Step 2: Now everyone draws figures on construction paper. They draw arms and legs separately so the figures will be able to move. They also draw eyes open and shut and mouths in different shapes. Then they cut out the figures, which are called “puppets.”
Step 3: Finally the animation begins. A digital camera on a tripod is focused on a piece of poster board—the background for a scene. The camera is attached to a computer.
One group is shooting a battle scene between the Nephites and the Lamanites. Each child is in charge of two or three puppets. The children arrange their puppets on the poster board. Then someone hits the space bar on the computer. Flash! The first frame of the video is shot.
Now everyone moves their puppets a fraction of an inch. Flash! “This is fun!” says Brooke B.
It takes 900 shots to make one minute of animated video. After 30 shots, the children have made two seconds of film. They stop to watch their work on the computer screen. “That was awesome!” says Noah C. as they watch their paper warriors come to life.

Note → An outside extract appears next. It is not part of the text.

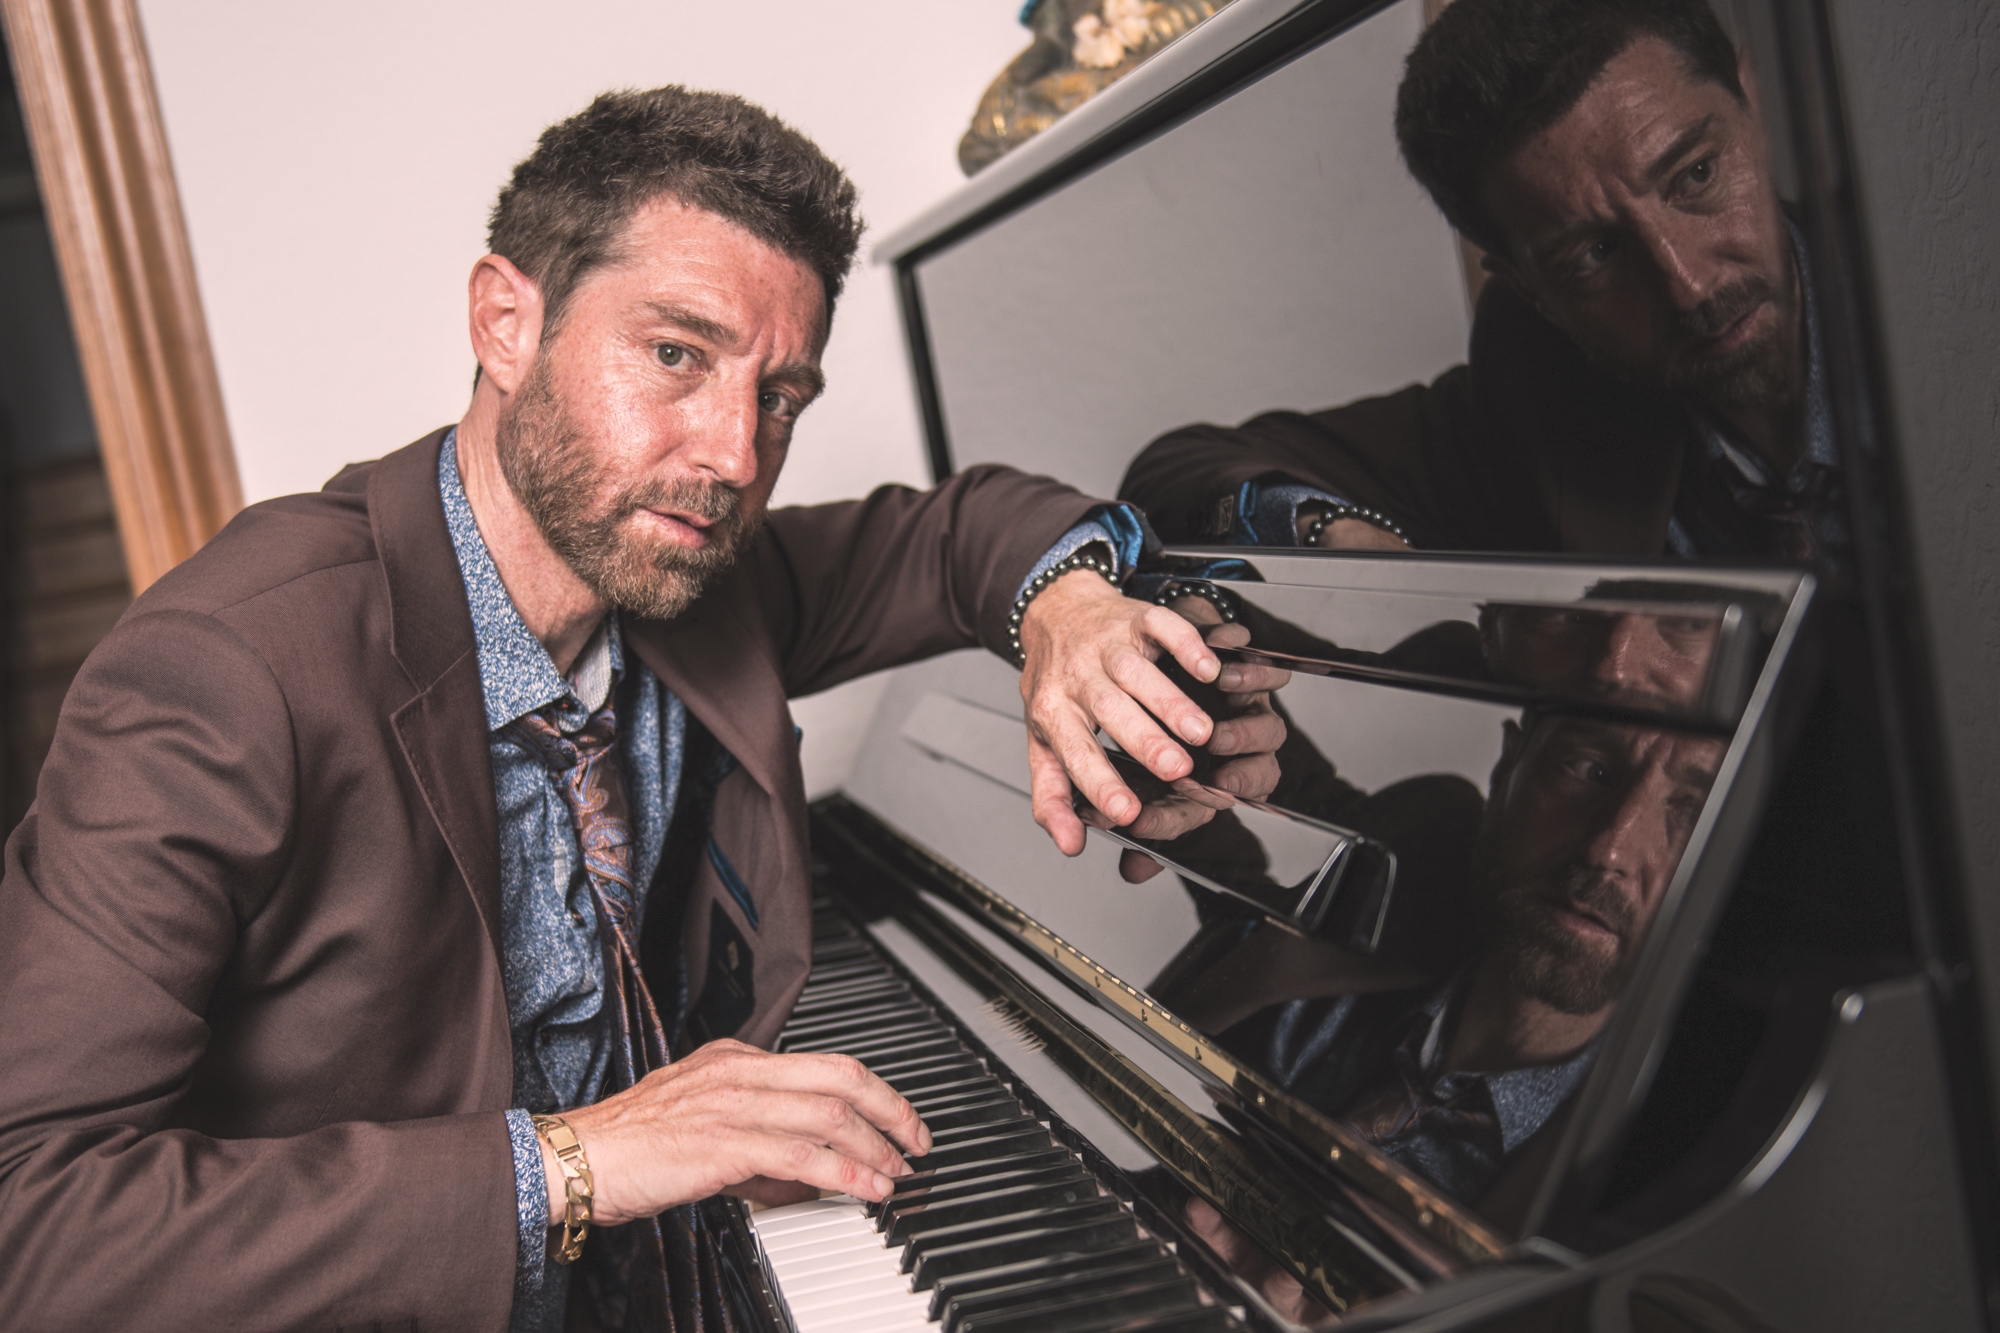 Benny Green giving new life to legacy of jazz piano in Atlanta show

Later at another activity, the children will tell the stories, and their voices will be recorded. Then Bishop Summerhays will put the video pictures and the recorded voices together to make a movie.
Last year, these children made videos of Old Testament stories like Adam and Eve, Noah’s ark, Jonah and the whale, and Daniel in the lions’ den. They had a premiere in a local movie theater, where their families, friends, and neighbors got to see their videos on a big screen. Since then, about 10,000 people have watched their Old Testament videos online. Cierra D., age 11, brought a friend to last year’s premiere. She thinks it’s great to make stories “about what you believe.”
Now the children can’t wait for this year’s premiere. They hope even more people will learn about the Book of Mormon by watching their new videos online.
And they are more enthusiastic about the scriptures because they brought them to life through their own creations.